Le réseau RENECOFOR47 créé en 1992 par l’ONF, destiné à mesurer et à suivre le dépérissement des forêts provoqué par les "pluies acides", a vu sa mission élargie en 2008 aux conséquences d’autres phénomènes : changement climatique, pollution atmosphérique… RENECOFOR fait partie d’un réseau de sites implantés dans 34 pays d’Europe, chargés de détecter d'éventuels changements à long terme, au moins à 30 ans, dans le fonctionnement d'une grande variété d'écosystèmes forestiers et de mieux en comprendre les raisons. En France, il existe 102 sites d'observations de 2 ha, appelés « placettes » répartis dans l’Hexagone, chacun d’entre eux étant dédié à une essence dominante particulière.
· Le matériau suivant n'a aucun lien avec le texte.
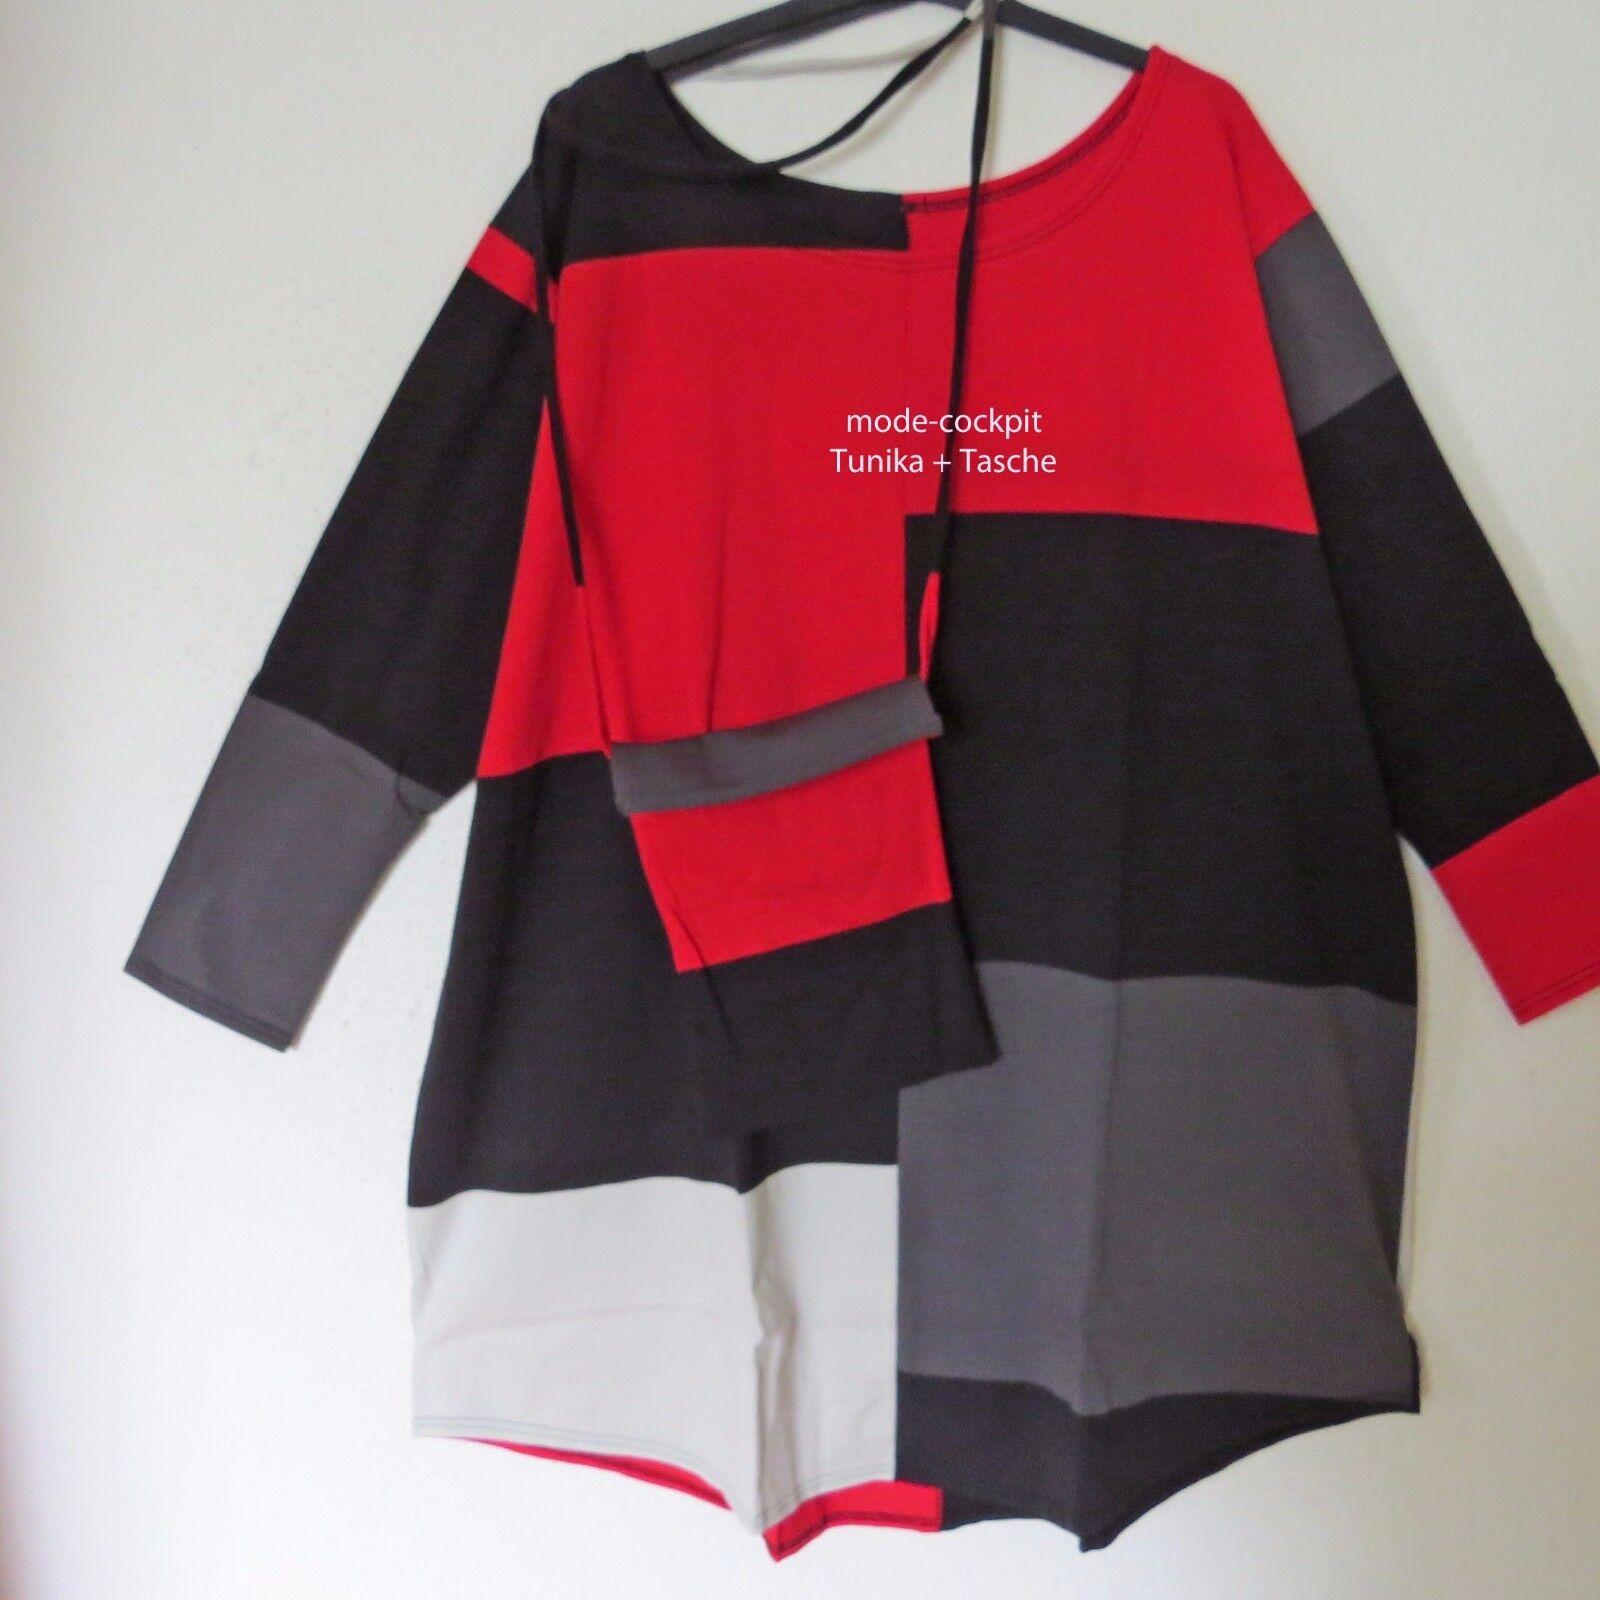 BORIS INDUSTRIES coole Tunika Long Shirt+Tasche Patch schwarz-rot 50-54 (3)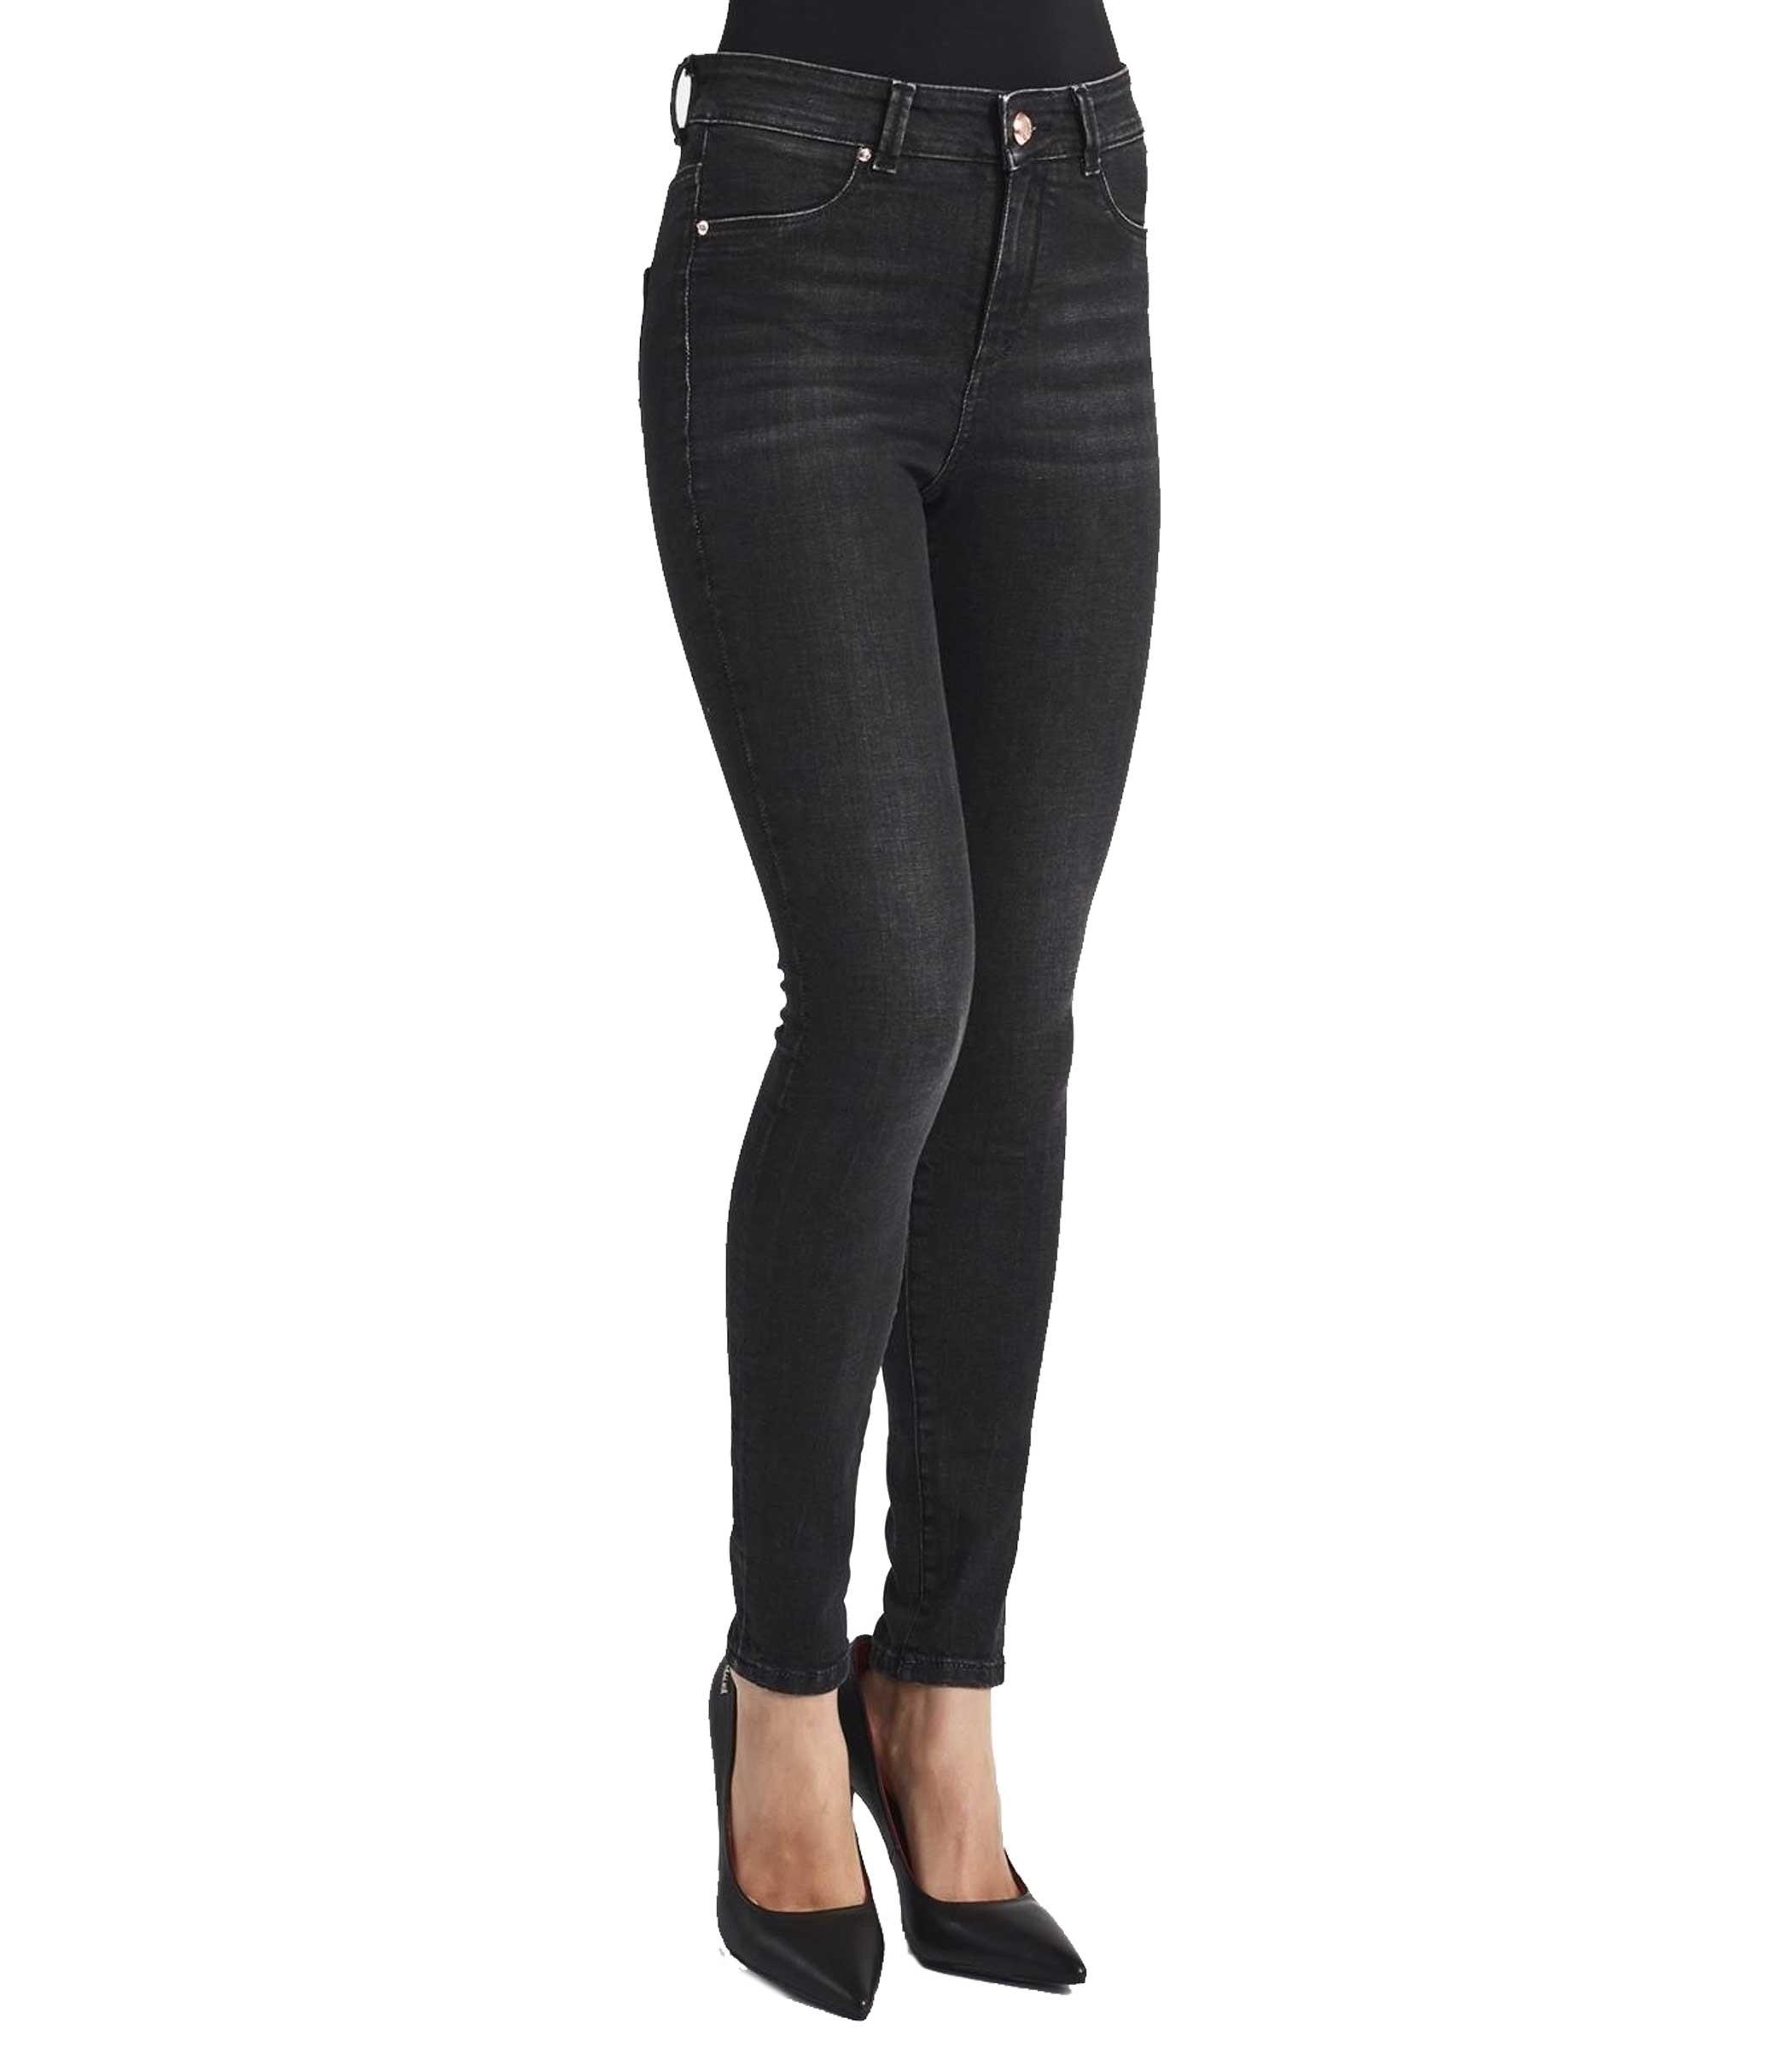 Da Donna Tasche Rif821bd26033 5 Jeggings Gaudᄄᆲ Jeans PkTwXOZiu

Une couverture territoriale plus développée par un tel réseau apparaît souhaitable, y compris dans les régions ultramarines, non intégrées dans le dispositif aujourd’hui. De plus, s’agissant de ces dernières, il serait utile de disposer d’éléments aujourd’hui indisponibles, qui pourraient être recueillies grâce à un inventaire détaillé effectué par l’IGN.48 A cet égard, le plan de relance prévoit une dotation de 22 M€

destinés à faciliter la réalisation rapide de relevés cartographiques fiables et très précis « LIDAR49 ».

Préconisation 2 :

Développer sur l’ensemble du territoire, y compris dans les régions ultramarines où un inventaire complet doit être réalisé par l'Institut national de l'information géographique et forestière, des outils de recueil et d’analyse de données relatifs au changement climatique et ses impacts sur les milieux forestiers.